The purpose of the method for plasma gasifying coke oven raw gas of the present invention is to overcome the deficiencies of the prior art, improve the energy utilization efficiency of coke oven gas, and solve the problem that the existing coal-to-synthesis gas technology needs high pressure, catalyst and the catalyst is prone to carbon deposition and poisoning And other issues. Disclosed is a method for efficiently, cleanly and conveniently converting raw coal gas into synthesis gas by using plasma.

The main composition (mass percentage) of the raw coal gas coming out of the top space of the carbonization chamber of the coke oven through the riser is: tar vapor 9%-14%, water vapor 30%-36%, crude benzene 2.5%-4.3%, ammonia gas 0.7% %~1.1%, H ₂ 4%~10%, CH ₄ 17%~31%, CO 7%~12%, N ₂ 1%~10%, CO ₂ 2%~7%.

It can be seen that raw coal gas contains a large amount of water vapor. From a thermodynamic point of view, water vapor, methane, low-carbon hydrocarbons, and tar steam in raw coal gas at 650-850 °C have the ability to generate relatively high-concentration syngas; From a scientific point of view, the reaction rate is very slow. Under the action of plasma rich in active particles, the activation energy of water vapor, methane, low-carbon hydrocarbons, and tar vapor reacting with oxygen-containing oxidizing agents such as water vapor is greatly reduced, and the gasification reaction proceeds at an extremely fast rate, generating high concentration of H ₂ , CO.
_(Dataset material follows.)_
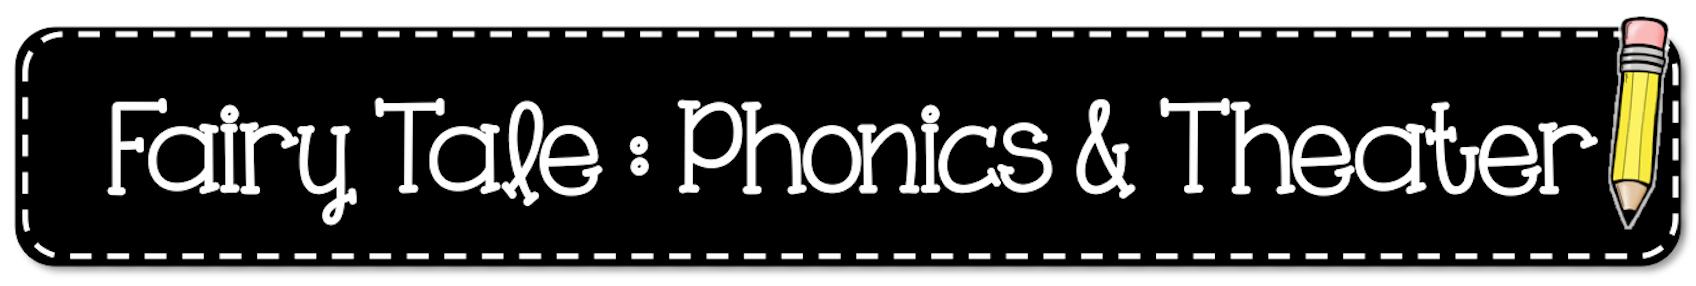 Header Literacy Fairy Tale Phonics Theatre

Based on the above ideas, raw coal gas enters the plasma gasification reactor through the riser pipe, bridge pipe, and gas collecting pipe. The plasma generator uses air, oxygen, nitrogen, water vapor and other gases or their mixed gases as the working gas, and raw coal gas can also be directly used as the working gas. When working, the cooling gas is first supplied to the plasma generator and the plasma gasification reactor. Water, working gas, gasification agent (water vapor, oxygen-containing gas) and raw coal gas, the working gas of the plasma generator is H ₂ , Ar, O ₂ , N ₂ , air and other gases and their mixtures, or only for waste gas Coal gas and cooling water, and then ignite the arc to form a high-temperature plasma with high-energy active particles. The components in the raw coal gas and the plasma action are activated in the plasma gasification reactor, and they react and gasify instantly under normal pressure. _H2 , CO. At the same time, the gas temperature rises above 1500°C, and the heat of the syngas is recovered by the waste heat boiler.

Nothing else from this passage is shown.